— Ну, зачем тебе это все? Твой выбор, как вы говорите, ни в какие ворота не лезет! Как вообще тут можно еще выбирать? На одной стороне, только руку протяни, исполнение любых желаний. Счастливая, интересная и долгая, очень долгая жизнь. На другой, и это абсолютно неизбежно, в покое тебя никто не оставит, жизнь если и содержательная, то очень короткая. Очень! Счет пошел на часы! И до самого конца страх и боль будут твоими спутниками.
— Ну прямо искушение святого Антония, — покачал головой Сашка. — Страх чего? Страх смерти? Проехали уже. Хочешь верь, а хочешь нет, мне теперь смерть не страшна. Пожил бы еще, конечно. Но это не главное. Доступно излагаю?
— Объясни же, не мне, себе самому объясни, ради чего ты готов страдать и рисковать, ради чего идешь на верную гибель? Ради каприза оставить себе опасную в первую очередь для тебя же самого игрушку? Которой просто повезло, что на нее упала тень силы, которую ты даже не можешь себе представить.
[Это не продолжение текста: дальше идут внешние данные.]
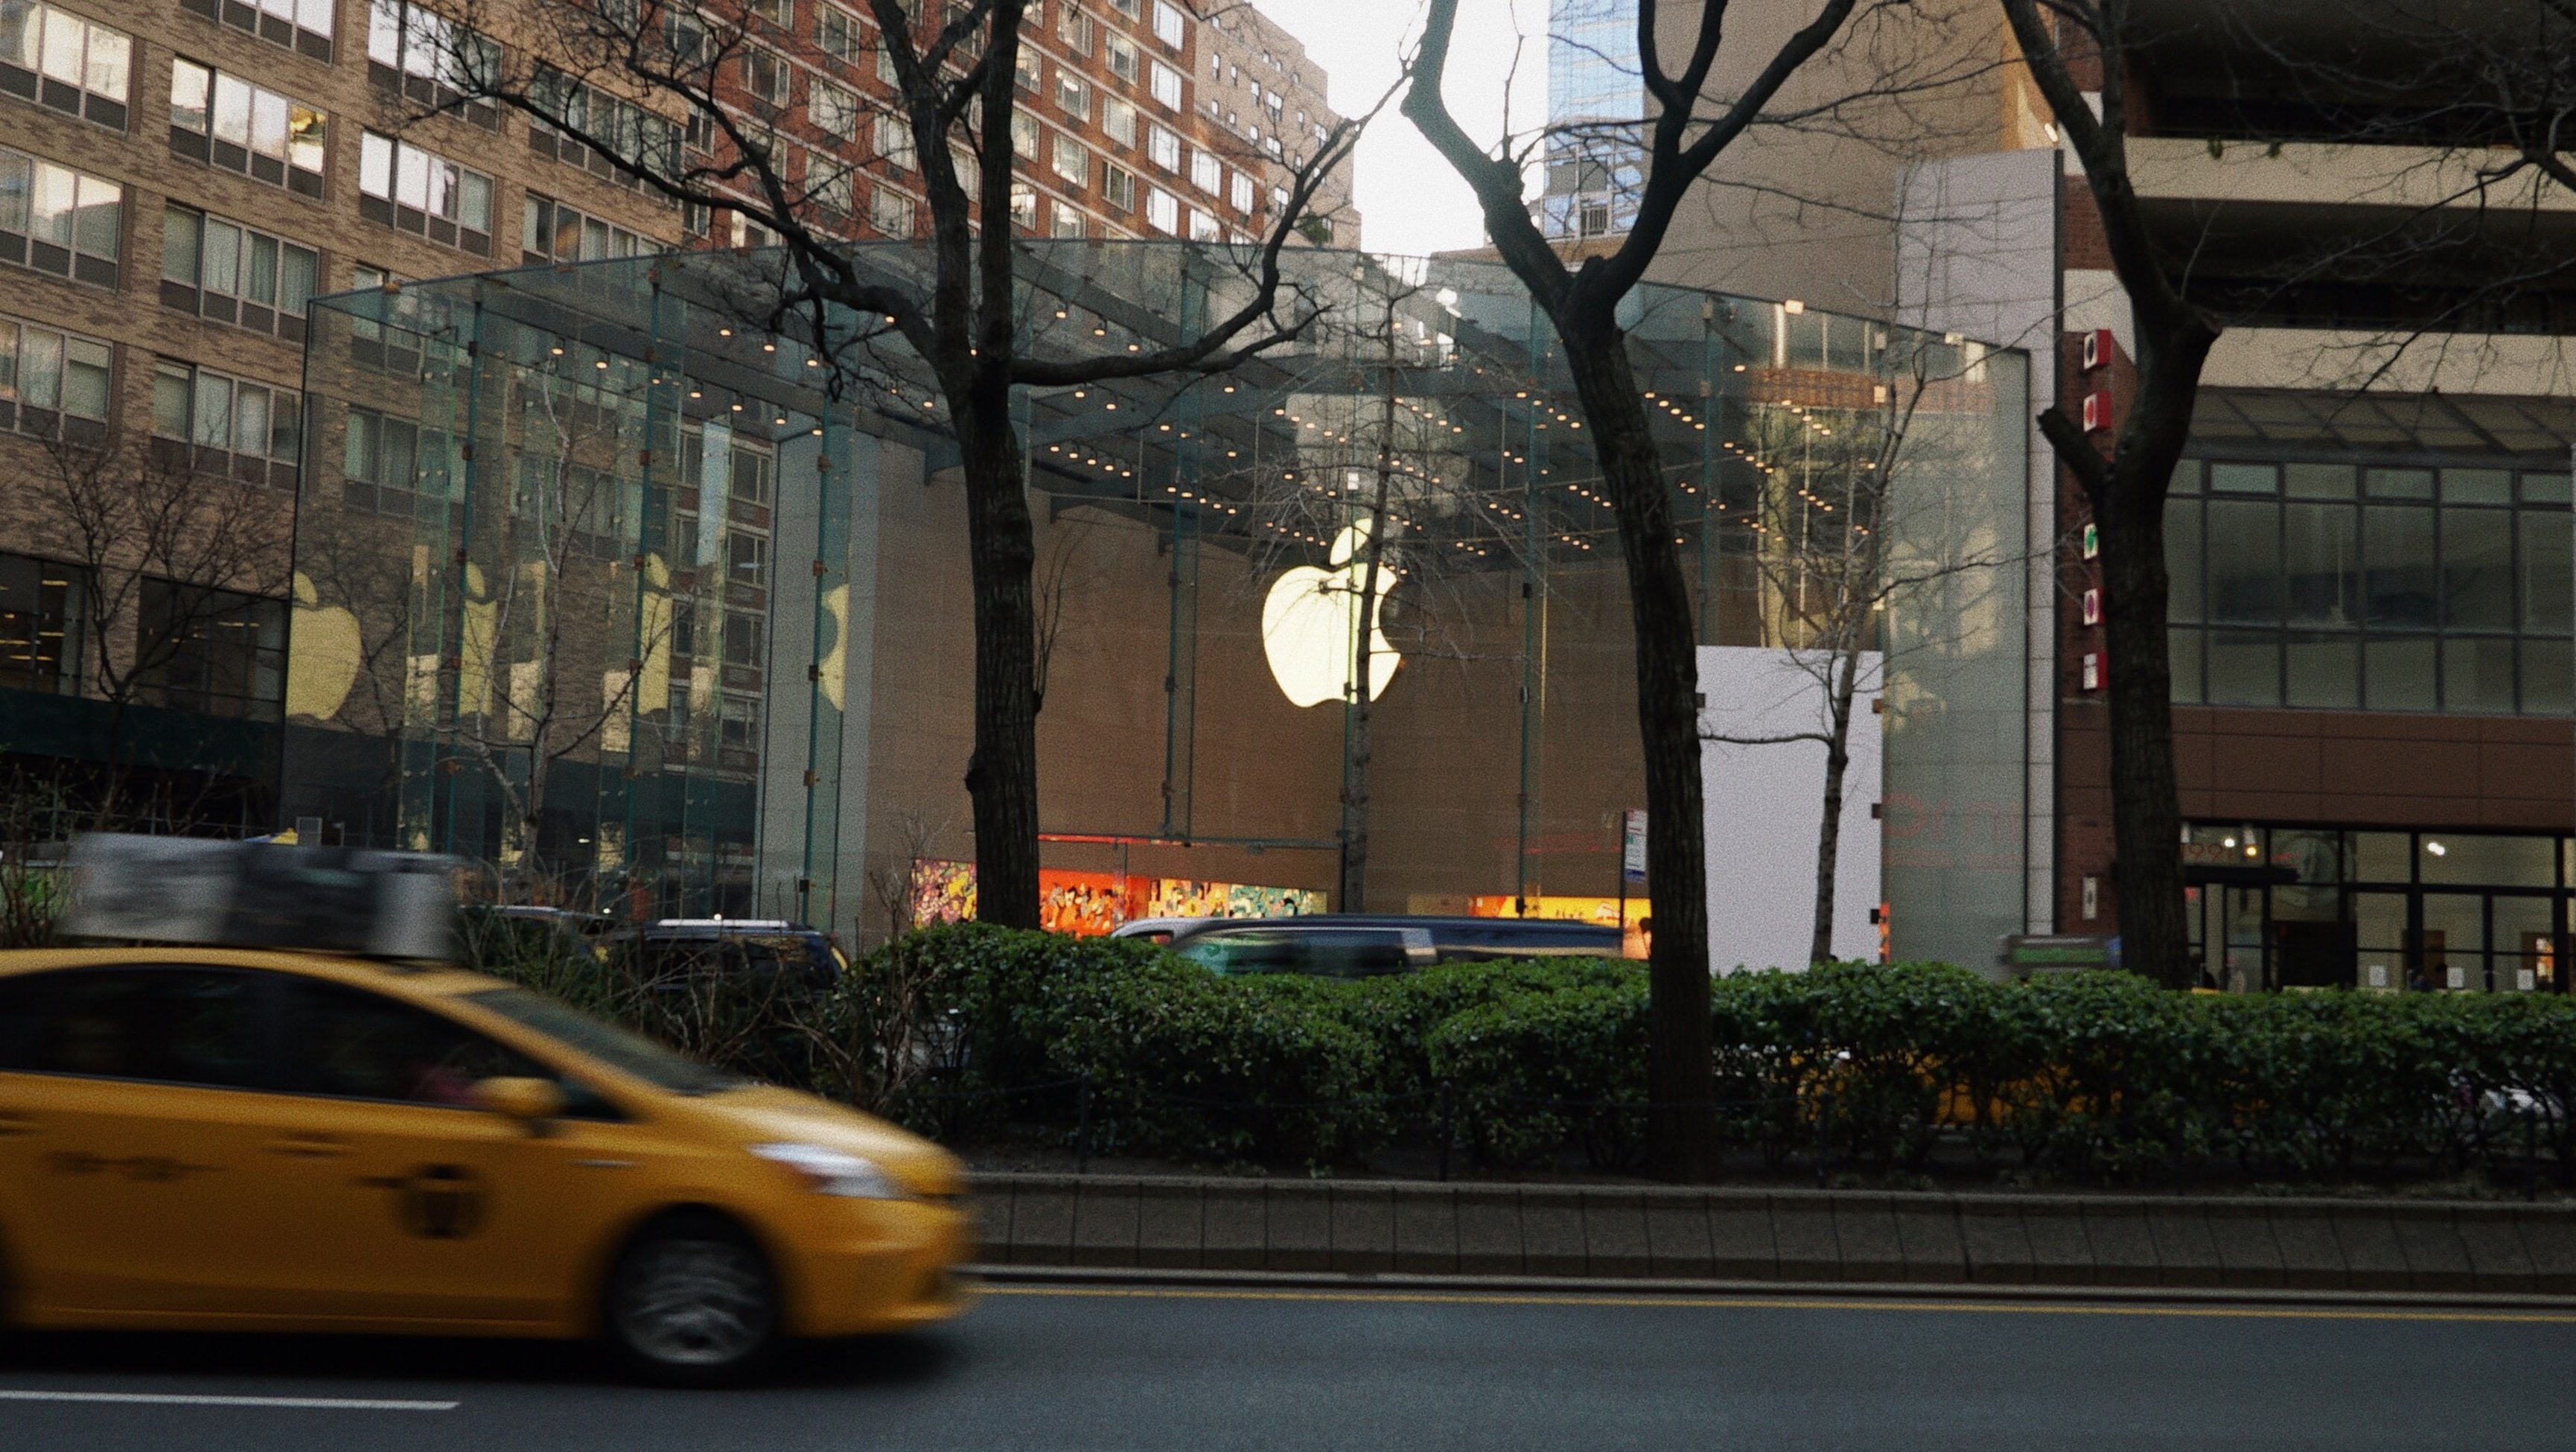 Apple временно закрыла все магазины за пределами Китая
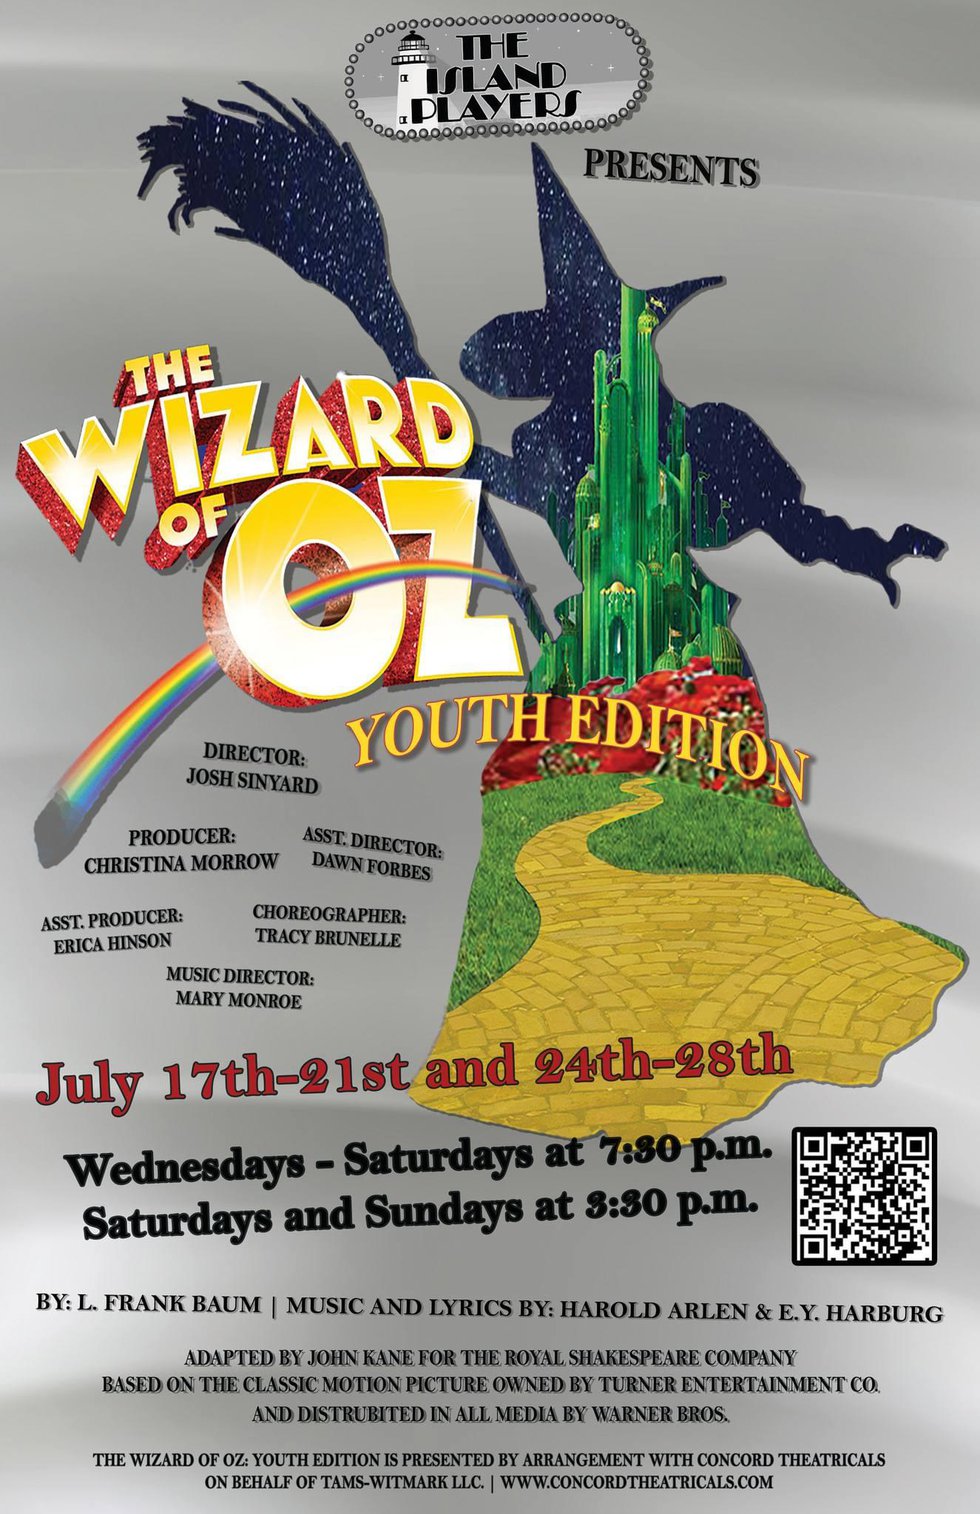 YPSWZ Wizard of Oz poster

— Сатана всегда приходит как ангел света. — повторил Сашка из вредности. — Ку-ку! Ты меня слышишь?
— Да…
— Тогда ты мне объясни, ради чего это я, по-твоему, лезу на рожон. Может быть, тогда я тебя пойму. А то все это так, риторика…
В глазах альбиноски мелькнула догадка, явно неприятная ей.
— Да неужели ради этих чистоплюев, засевших в средостении паутины? Они же не дают развиваться тем, кто молод, энергичен и знает, чего хочет, — горячо заговорила она, срываясь на шепот от недостатка дыхания. — Они омерзительны! Им заслуженно достанется первый удар! — но, совладав с собой, сменила гнев на обычную назидательную рассудительность. — Стоят ли они твоей жертвы? Вспомни! Они-то сильно помогали, когда тебе туго было? Как же! Ах, они звонили, ах, предупреждали, выражали сочувствие и моральную поддержку. Какая самоотверженность, подумать только! Трусливые высокомерные любители загребать жар чужими руками — вот они кто.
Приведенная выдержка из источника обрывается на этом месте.